Она обернулась, подняла голову ко мне – я до сих пор вижу перед собой ее лицо с полураскрытыми губами. На миг мне почудилось, что она меня поцелует. Она сосредоточенно подыскивала слова, а я встревоженно глядел ей в глаза. Хозяин ресторанчика протиснулся мимо нас и распахнул дверь.
– Алан, вы можете следовать за розой?
– Простите, не понял?
– Под лучами солнца бутон распускается, а потом роза вянет и роняет лепестки. Вот это и есть Seligkeit[50].
Она остановилась на пороге, поблагодарила хозяина и похвалила его заведение.
На улице она снова повторила:
– Seligkeit. Ах, Алан, мне не следовало так шутить. Это невежливо. А вы так добры…
– Не я. Вы смотрели в зеркало. И видели себя.
– Когда-нибудь вы научите меня слушать музыку правильно, вот как вы сам. У меня не хватает ума…
– Конечно же хватает! Только здесь дело не в уме. А в крыльях.
– Ох, тогда я бы не была секретаршей в конторе Хансена.
– Тут это совершенно ни при чем.
– Ну, если бы у меня были крылья, я бы отсюда улетела. Далеко-далеко.
– А вот когда мы с вами слушали Моцарта, мне пришла в голову похожая мысль, только не такая печальная. Музыка для вас – как сад, правда? Как ваш собственный сад. Вот вы очень хорошо знаете английский, но такого не слышали.

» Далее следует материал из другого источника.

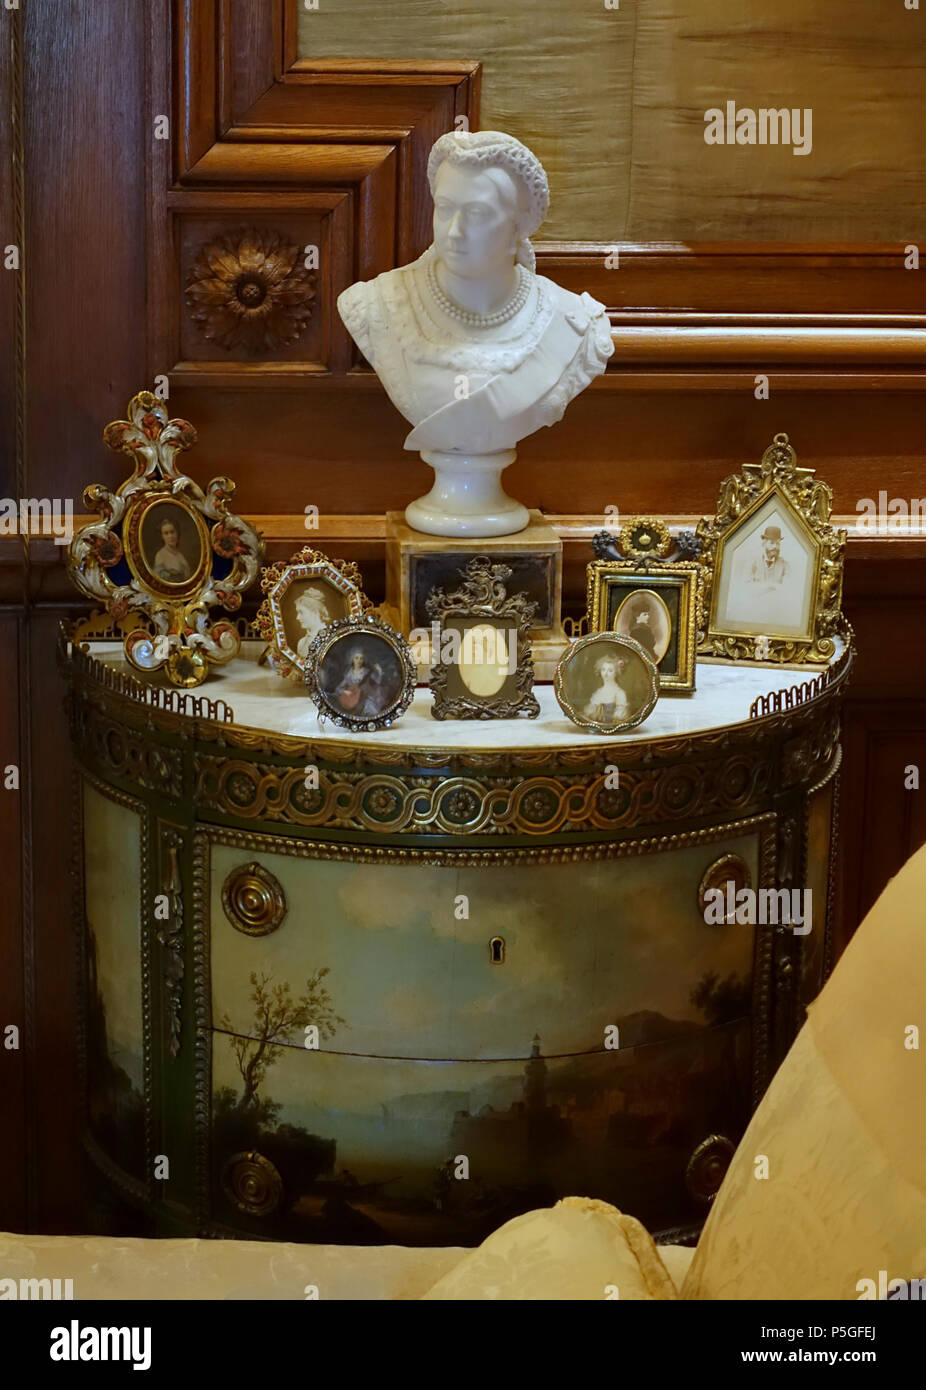 337 Chest of drawers, attributed to René Dubois, France, 1770-1775, with bust of Queen Victoria by Joseph Edgar Boehm, c. 1870 - Waddesdon Manor - Buckinghamshire, England - DSC07665 Stock Photo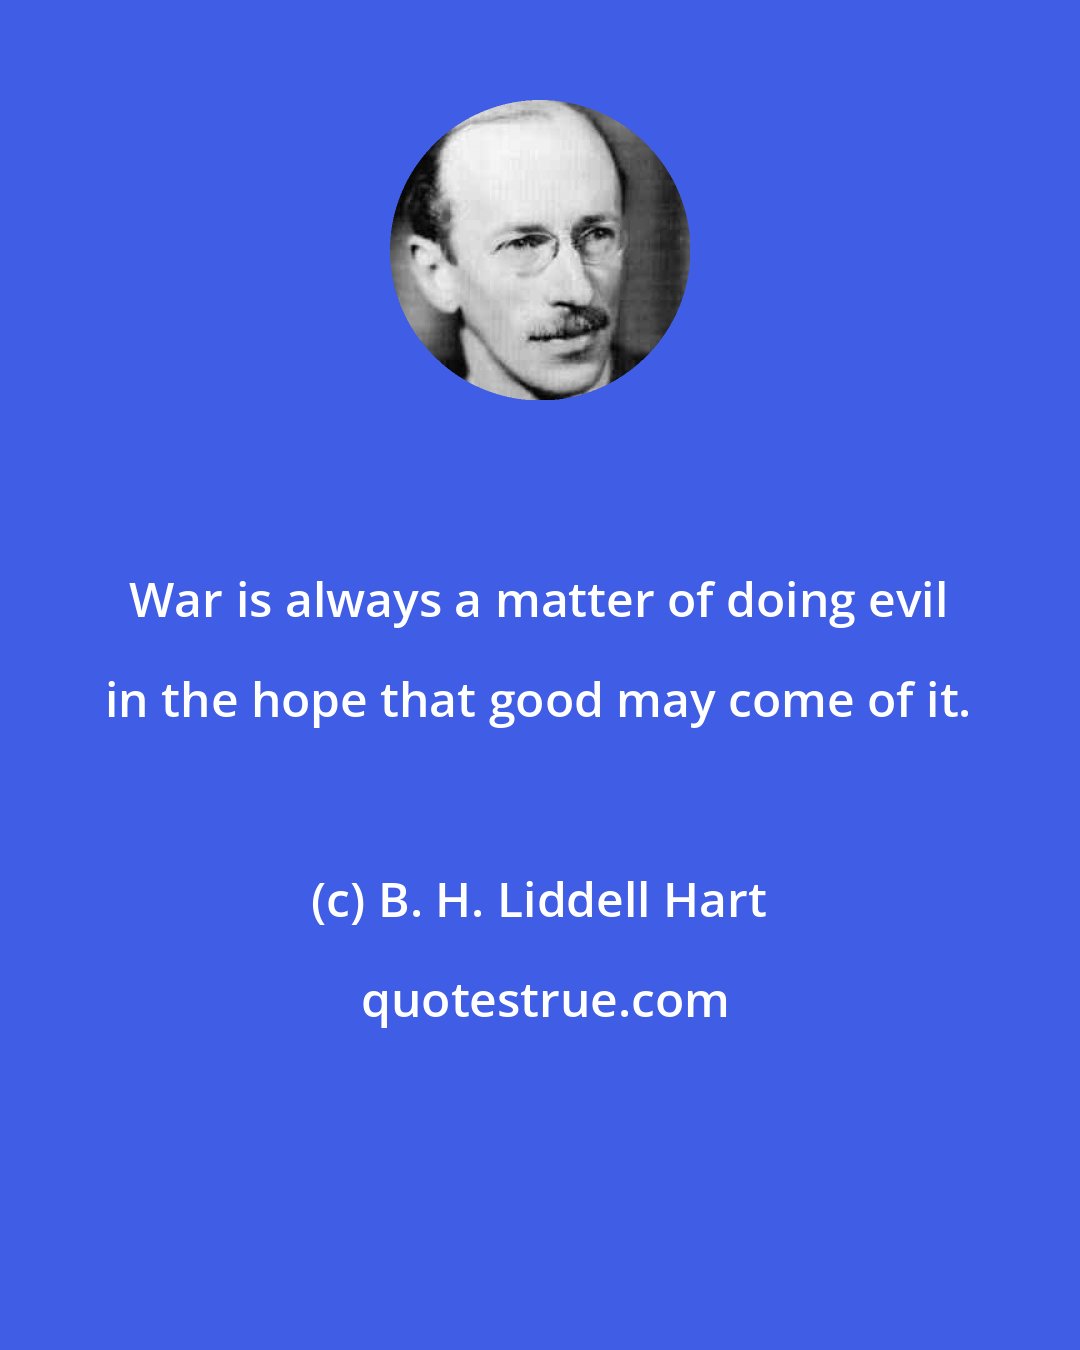 B. H. Liddell Hart: War is always a matter of doing evil in the hope that good may come of it.

– Какого такого? Расскажите.
– Здесь, возле струй, в тени журчащих,
Под сенью крон плодоносящих
Душа, отринув плен земной,
Взмывает птахою лесной:
На ветку сев, щебечет нежно,
Иль чистит перышки прилежно,
Или, готовая в отлет,
Крылами радужными бьет, —
продекламировал я.
– Ах, какая прелесть! – воскликнула Карин. – А как она чистит перышки? И чем?
Я объяснил.
– Ja, понятно. Я видела, как они это делают. Вот вы умеете слушать музыку, Алан, правда? Наверное, это тональная форма…
– Сонатная форма.
– Наводит на вас такие мысли. А когда оно было написано?
– Лет триста назад. Может быть, больше.
– Да, давно. Но я понимаю его чувства. Ой, чуть не забыла! Я хочу сохранить программку. Напишете на ней что-нибудь для меня?
Поразмыслив, я написал: «Карин! Ты, о Птица, смерти непричастна. Алан» – и поставил дату.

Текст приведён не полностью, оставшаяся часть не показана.